Recorded data

·····

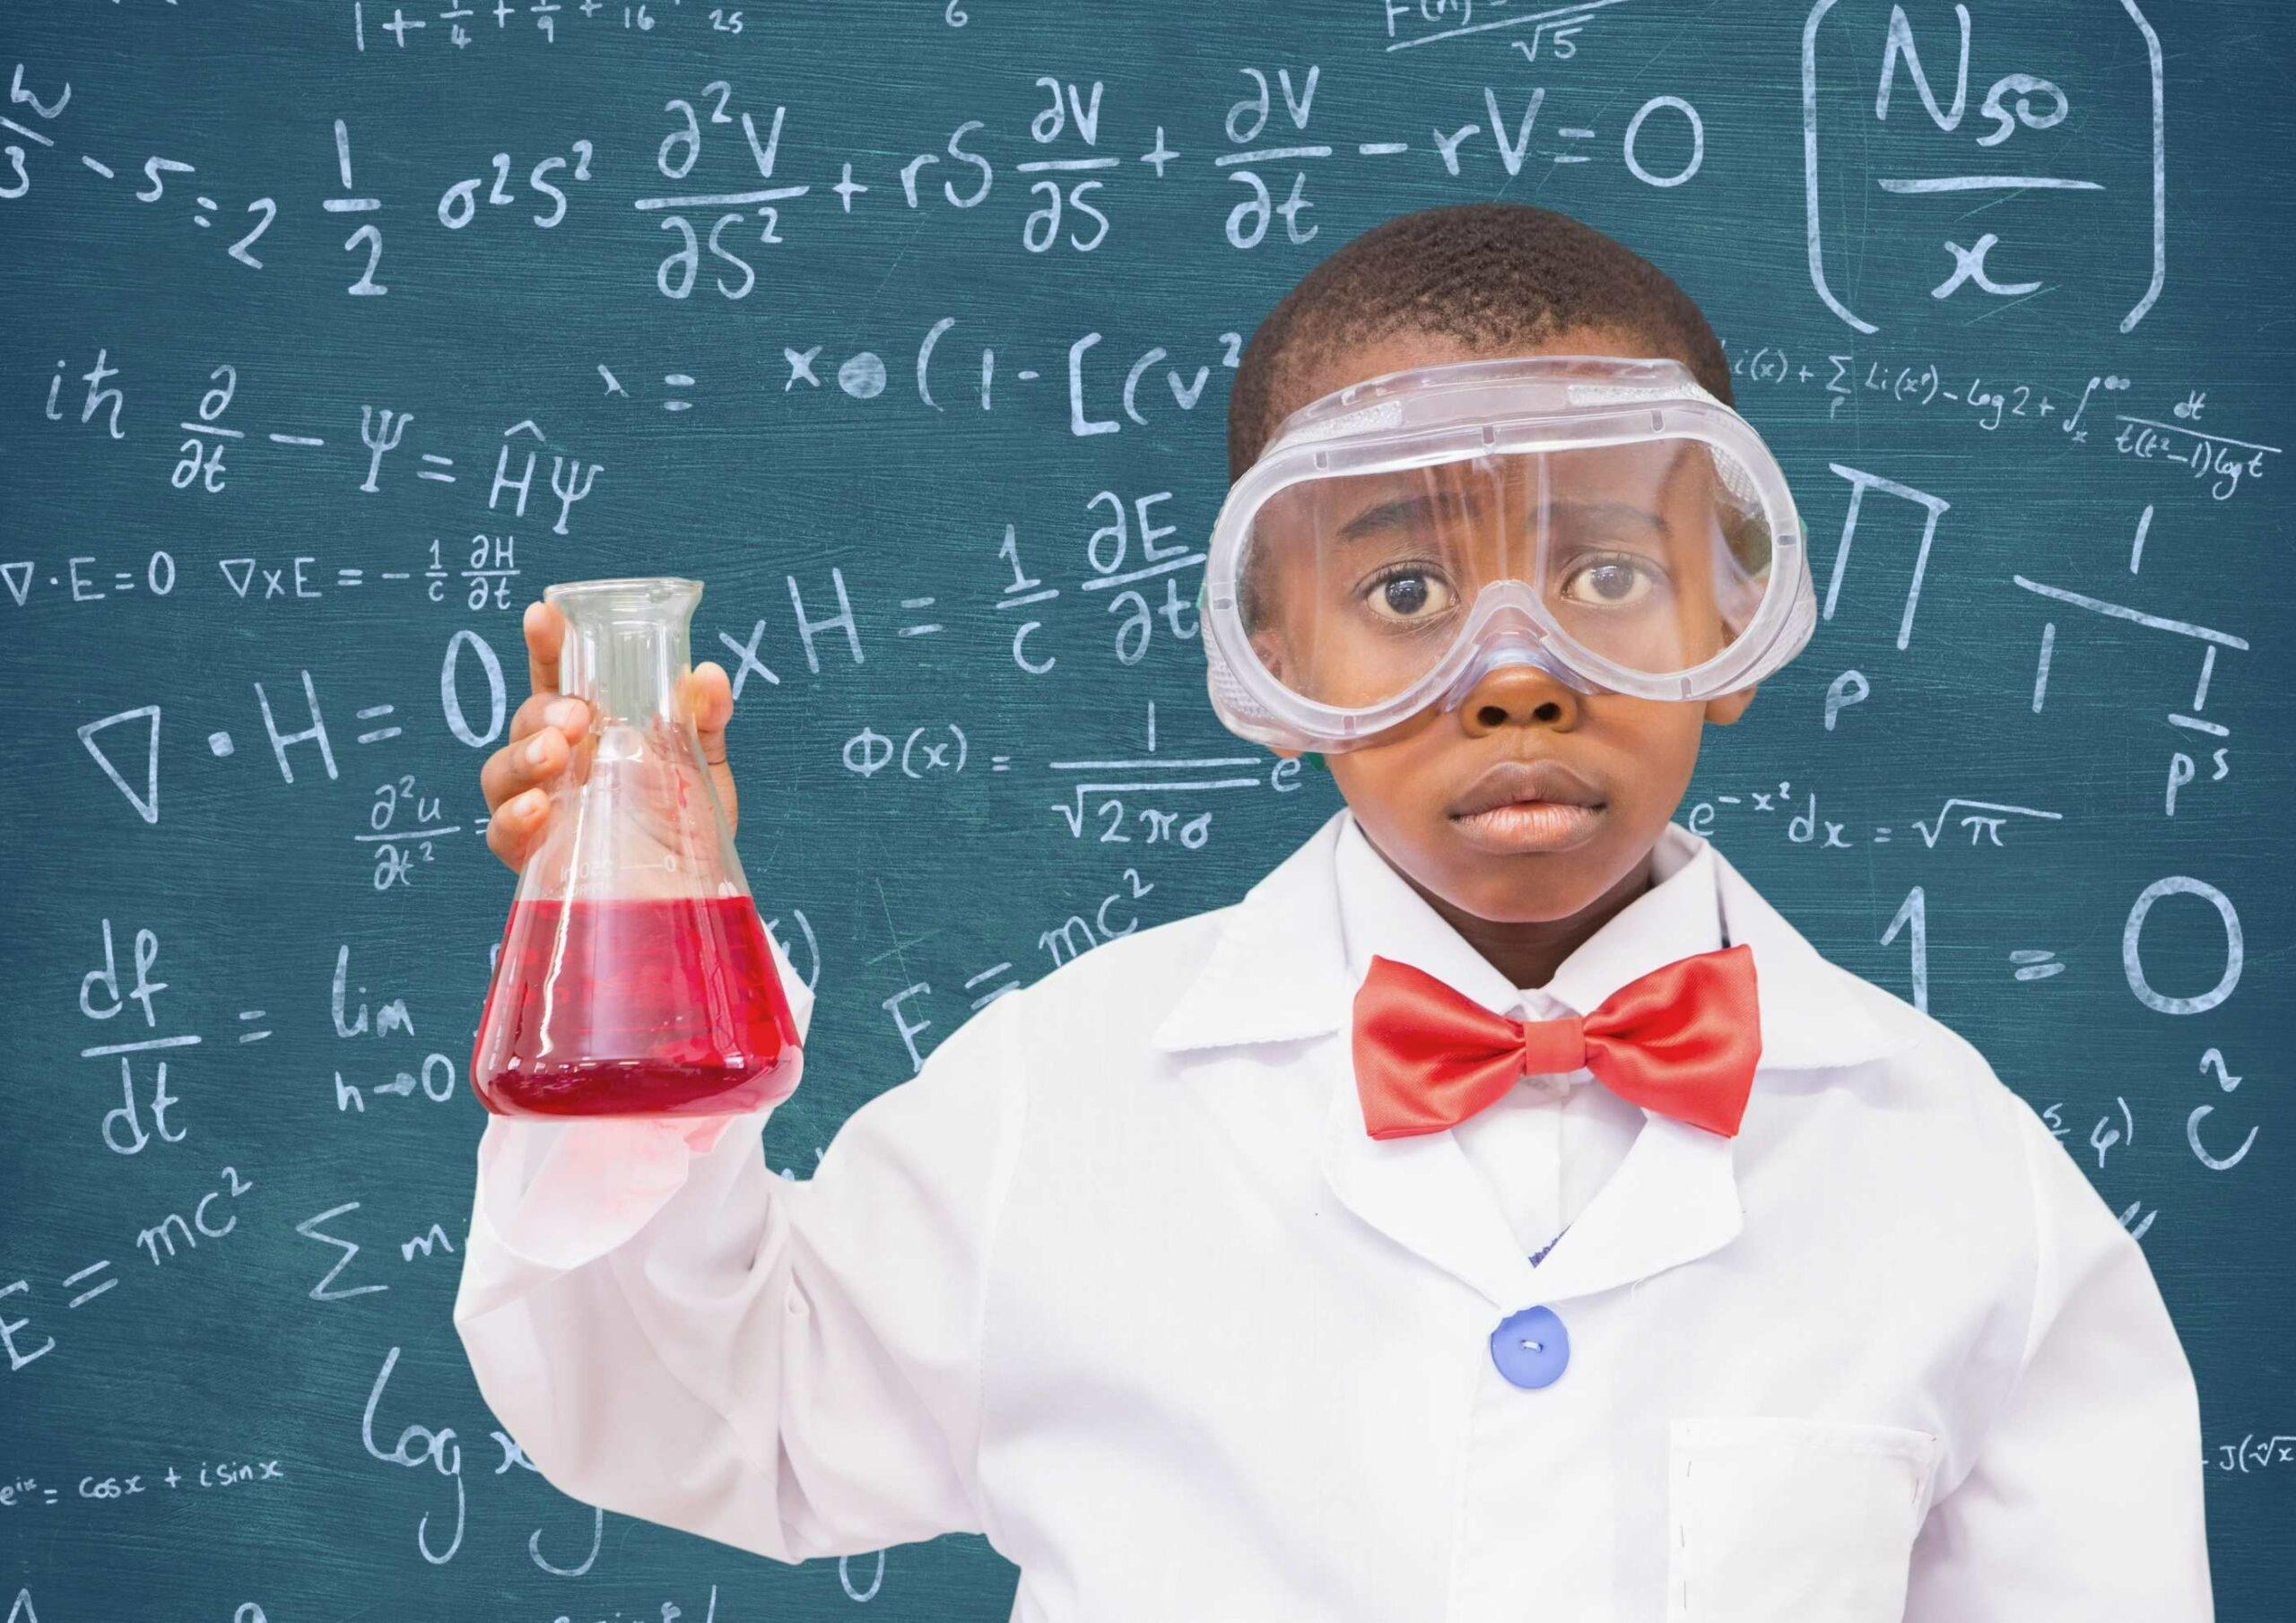 un jeune garçon en tenue de scientifique devant un tableau avec des formules mathématiques
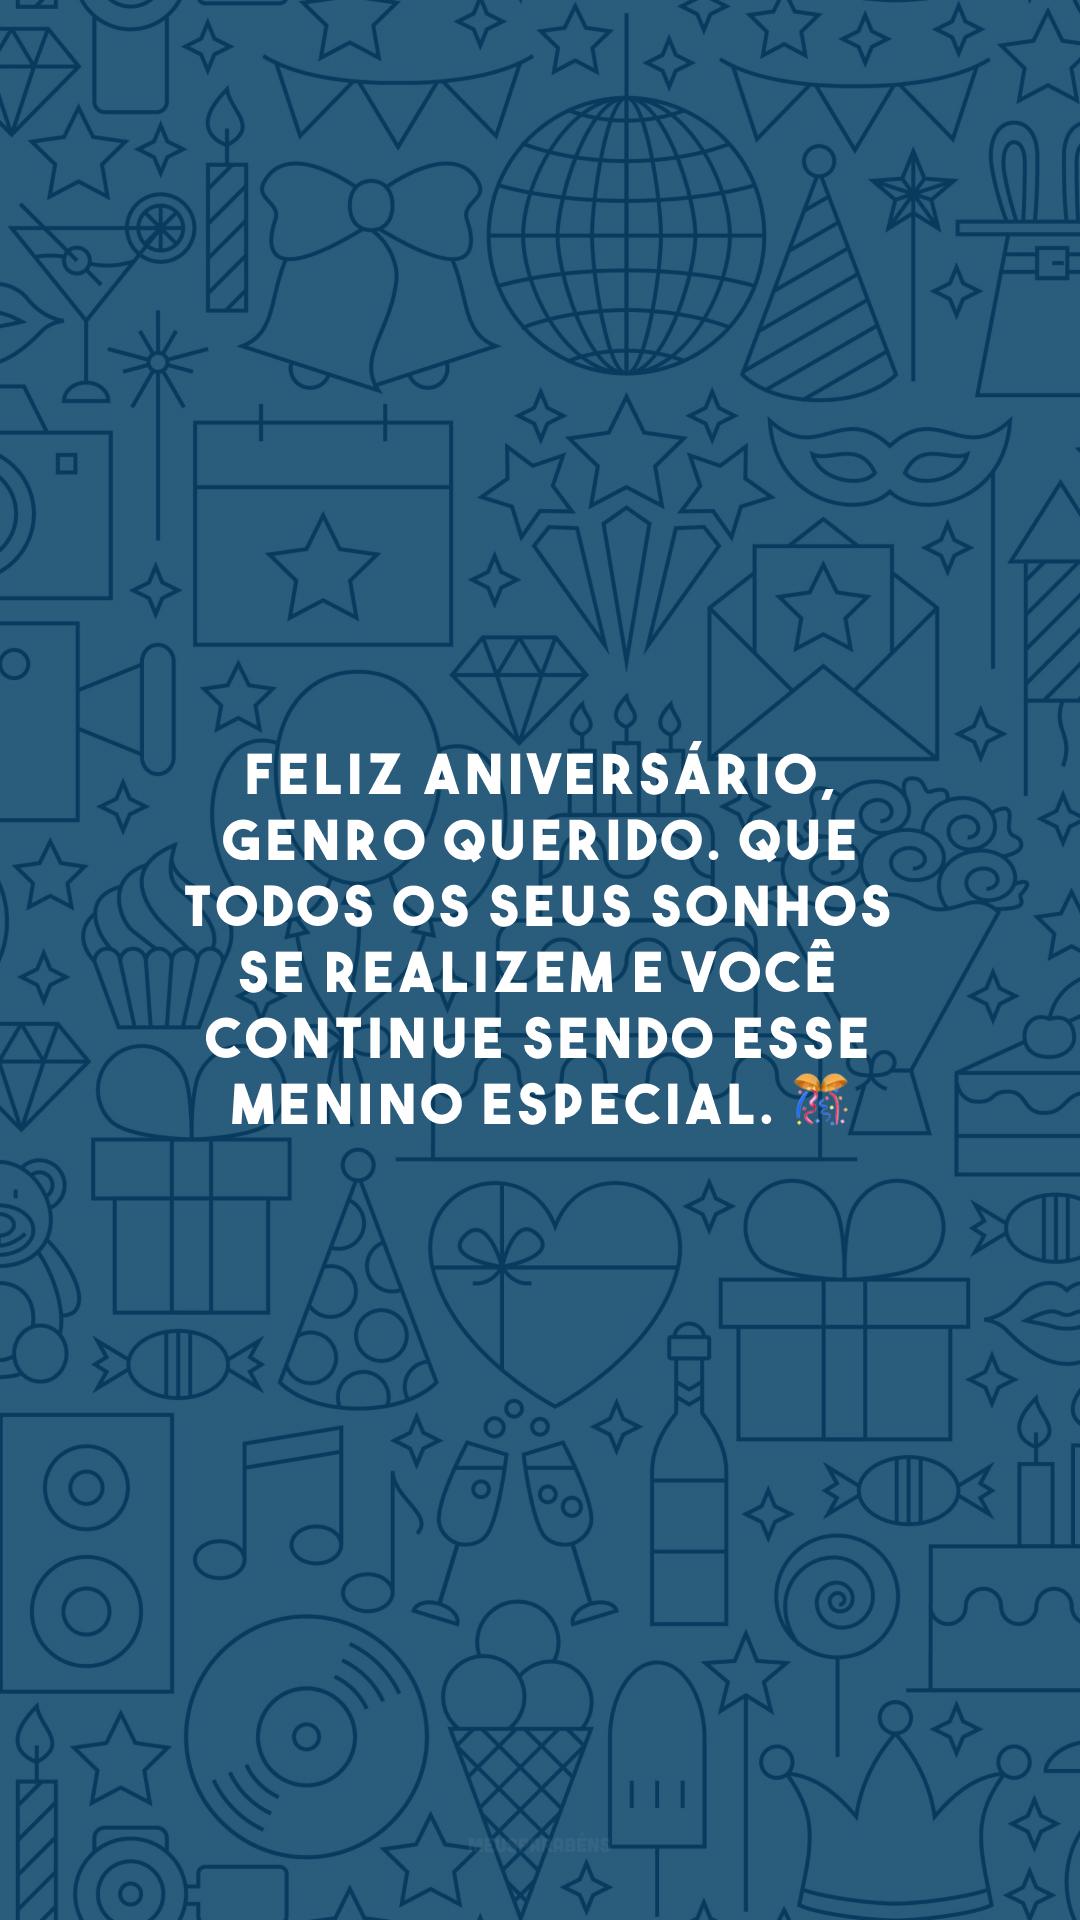 Feliz aniversário, genro querido. Que todos os seus sonhos se realizem e você continue sendo esse menino especial. 🎊
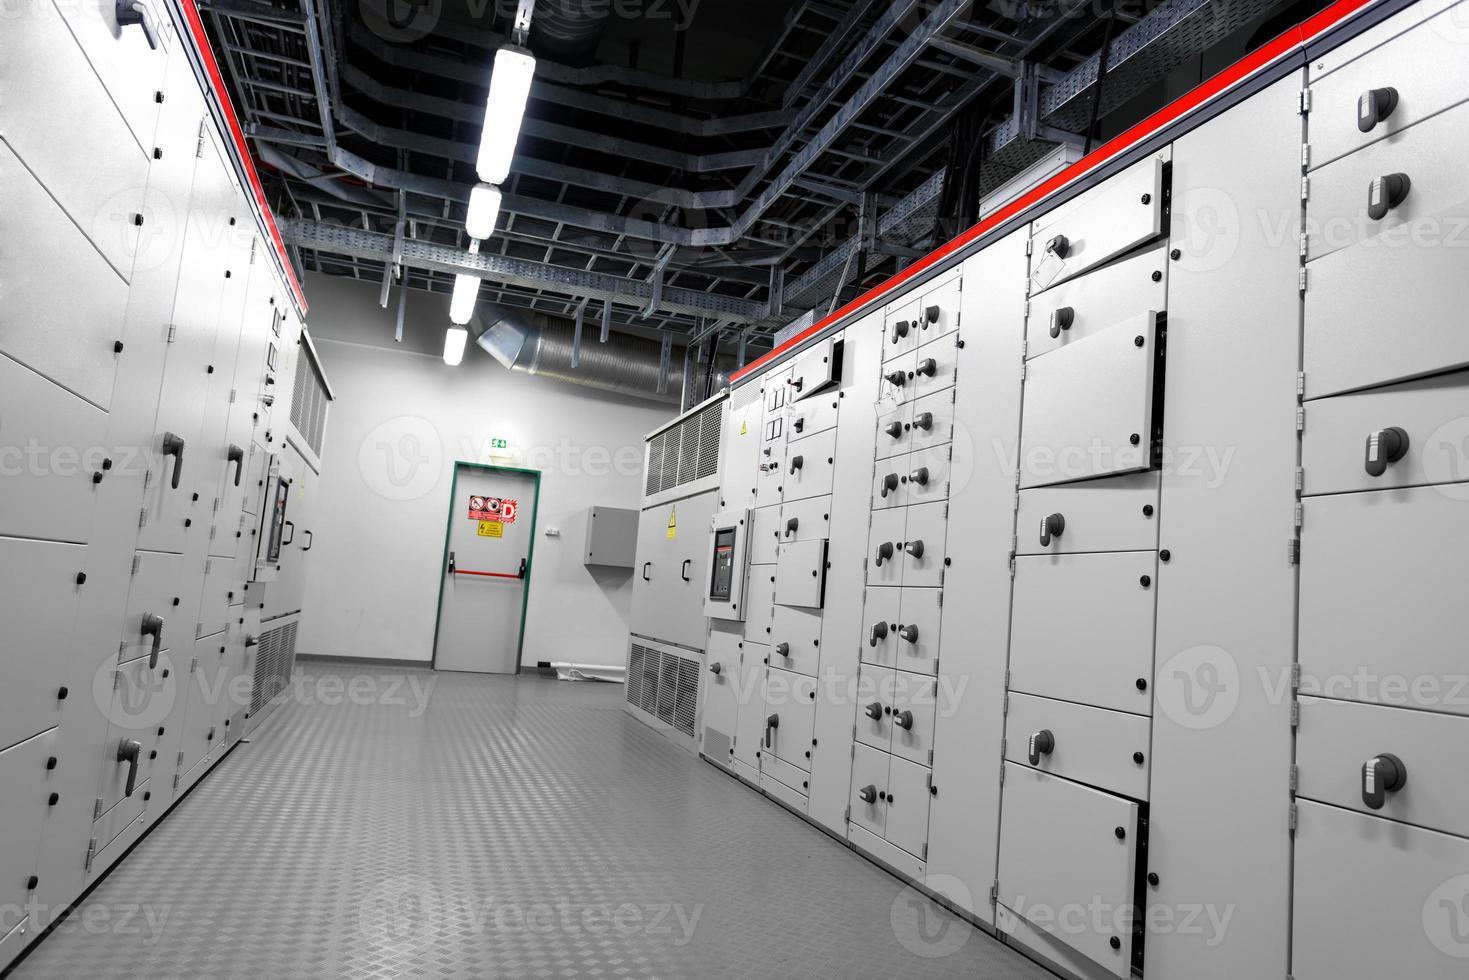 controlekamer van een elektriciteitscentrale foto

·····

Instructions to follow
Your answer must be the lines from the one containing "Feliz aniversário, genro" through the last line of the listing above, restated word for word, with no pictures.

Response
 Feliz aniversário, genro querido. Que todos os seus sonhos se realizem e você continue sendo esse menino especial. 🎊
 controlekamer van een elektriciteitscentrale foto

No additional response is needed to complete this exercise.